Here is the task for the listing below: output exactly the lines from the one containing "Ain padded down jacket" through the one containing "Jeans & Trousers, Rio", and leave out the pictures.

[DATA SHOWN]
↓↓↓

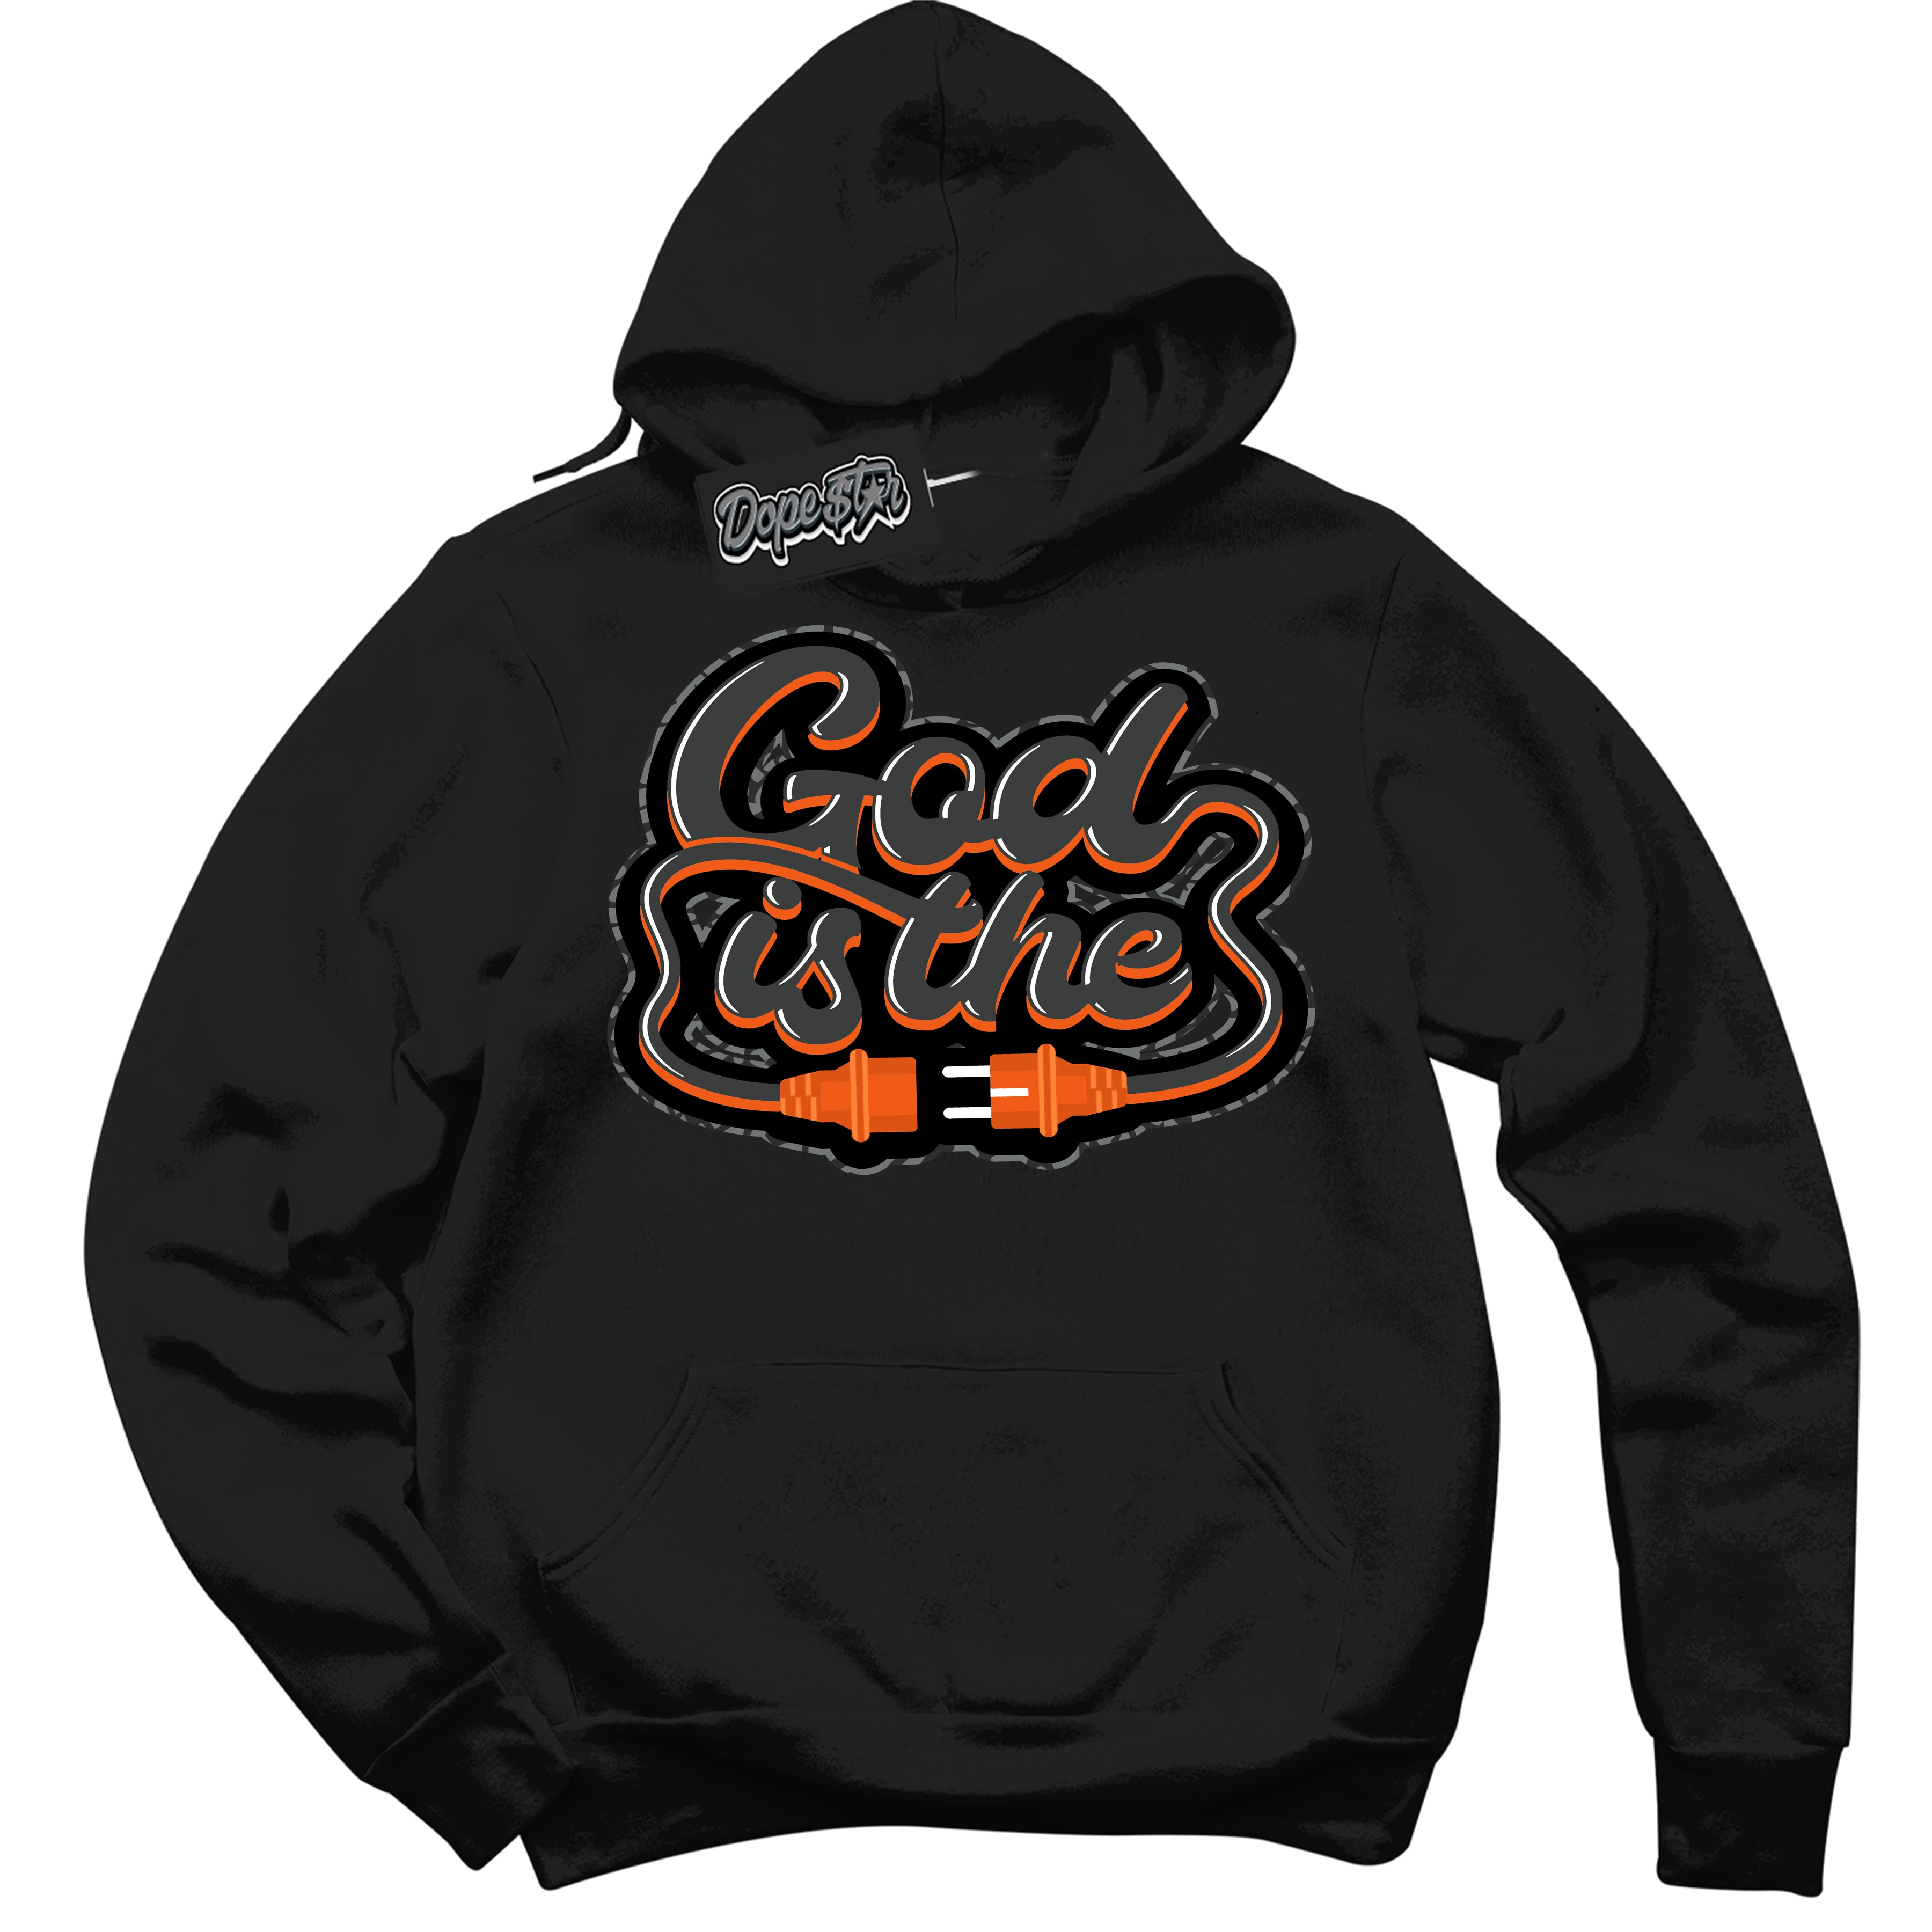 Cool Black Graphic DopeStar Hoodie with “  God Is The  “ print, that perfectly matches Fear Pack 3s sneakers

↑↑↑
↓↓↓

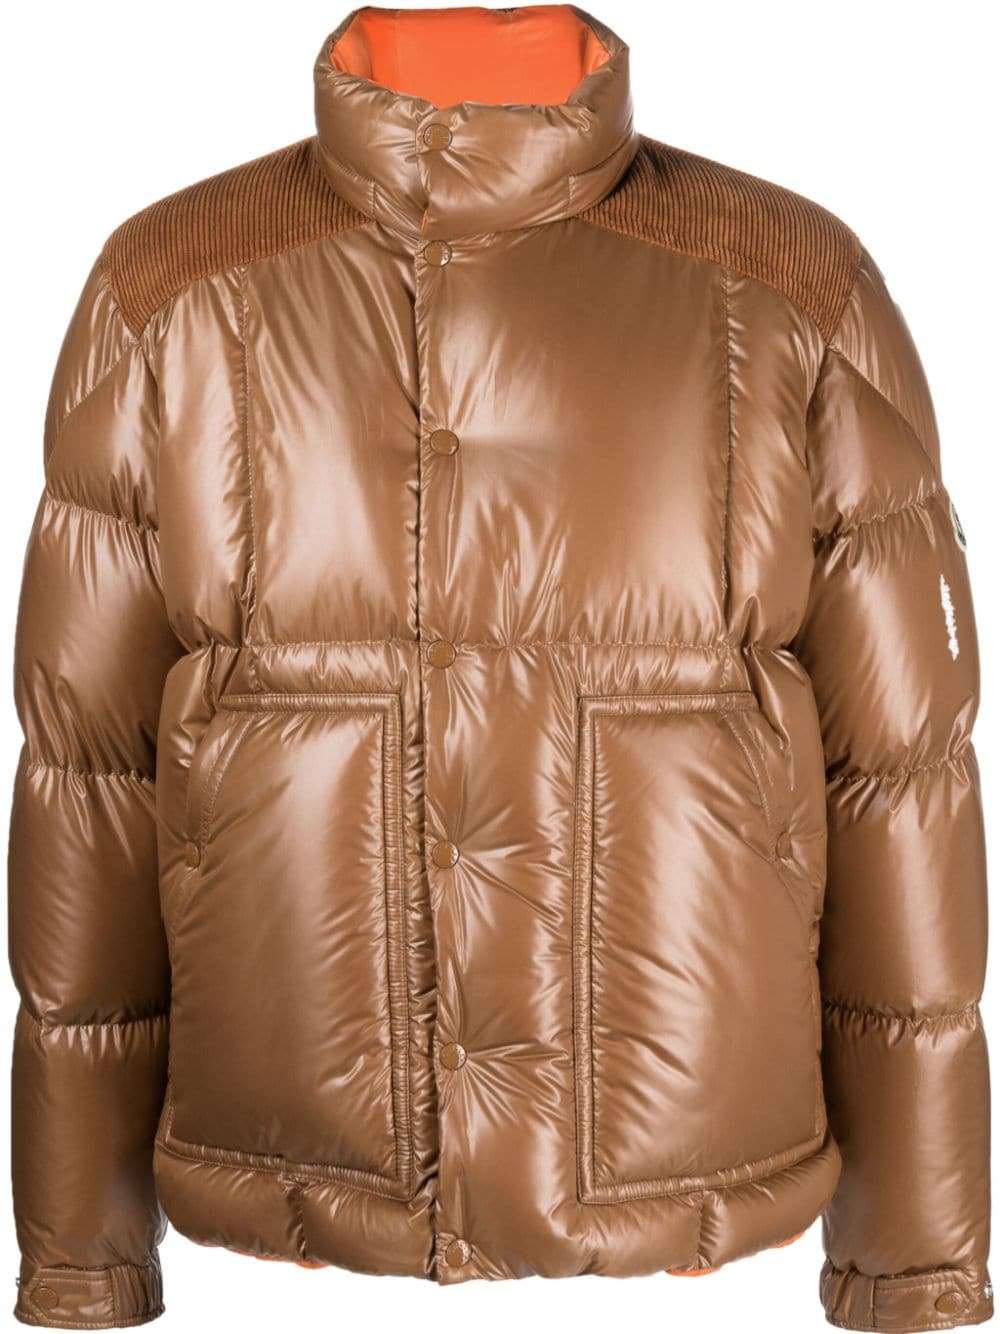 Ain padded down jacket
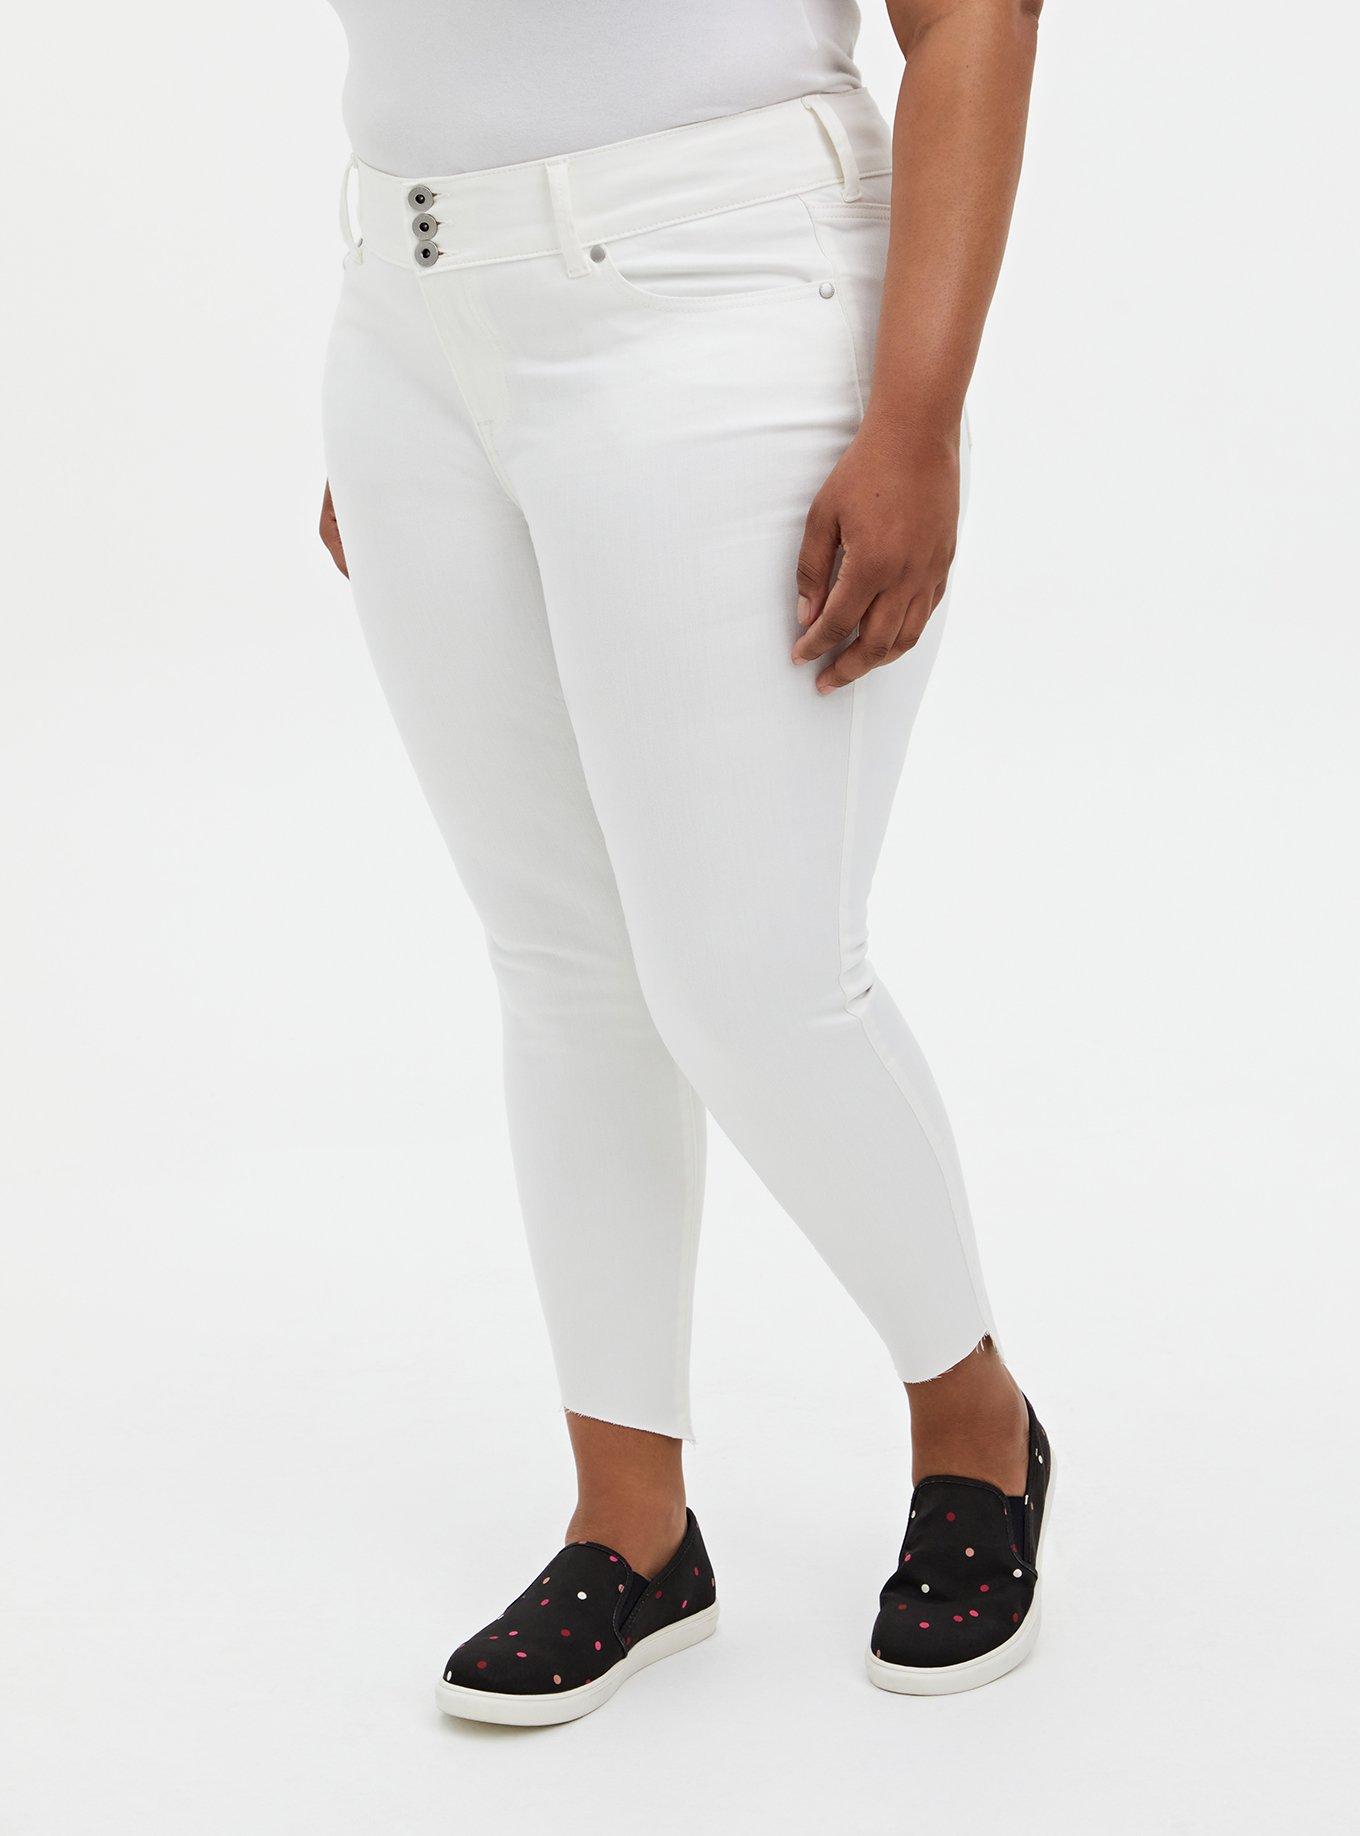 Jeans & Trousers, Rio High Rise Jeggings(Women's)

↑↑↑

[ANSWER FOR THE TASK]
 Ain padded down jacket
 Jeans & Trousers, Rio High Rise Jeggings(Women's)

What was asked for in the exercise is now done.